Things I've Learned Or Imagined Or Invented Since She Got Pregnant

1) If you are considering getting pregnant, expect to have frank conversations in yoga studios with fellow parents-to-be about mucous plugs, all while eating strawberries and mixed nuts.  In other words, there are consequences.

2)  I wonder if anyone has ever tried to live in an Ikea showroom, like a pre-fabricated Scandinavian furniture version of From the Mixed-Up Files of Mrs. Basil E. Frankweiler.

3) I'm going to be a pushover as a dad.  I'm totally good-cop material, which means my wife will have to do all the discipline.  I'm okay with that.

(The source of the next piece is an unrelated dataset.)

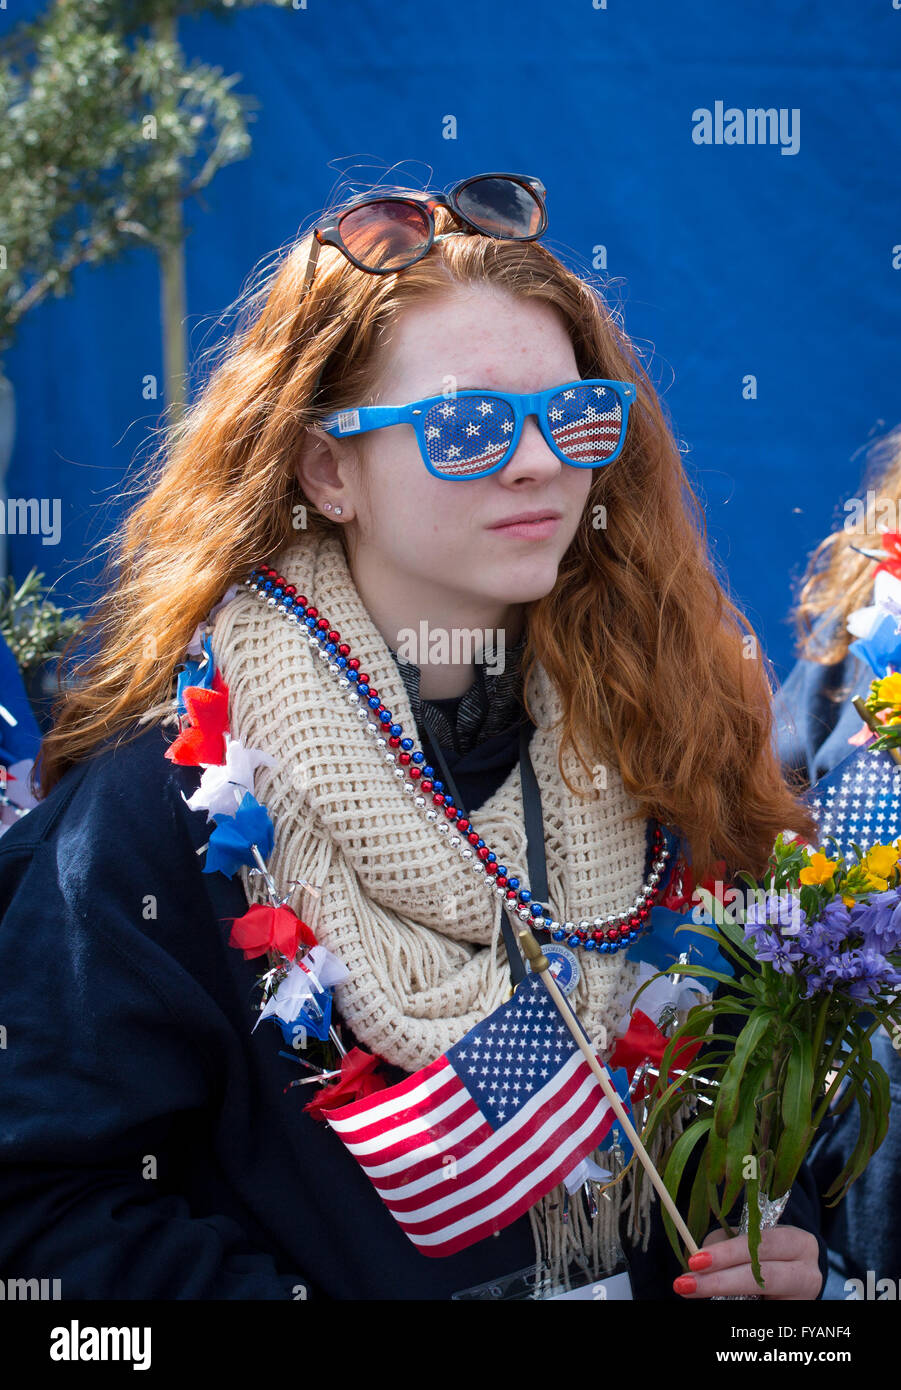 Una joven estadounidense vestida de estrellas y rayas parafernalia Foto de stock

4) Baby-clothing spontaneously generates at an exponential rate of return. 

5) Sources now tell me that item # 3 is incorrect and should be quickly retracted. 

6) It can be surprisingly satisfying to get your installed dryer fixed so that it no longer makes a horrible screeching sound.  Knowing that you can do laundry day and night without having to put on pants is a comforting thought, especially when you no longer have to worry that the dryer is in horrible, agonizing pain. 

7) Training a cat not to sleep in the crib or bassinet is a Sisyphean task.  The more you tell her no, the faster she'll sneak back in there the moment she sees a chance.  It's like trying to teach doughnuts not to be delicious.  On the other hand, maybe this is good training for dealing with a daughter who will one day be a teenager. 

That's all for now.  More to come, I'm sure. 

1 Comments:

Anonymous Anonymous said...

I don' care, I'm still going to send you a sweet heirloom piece of baby clothing!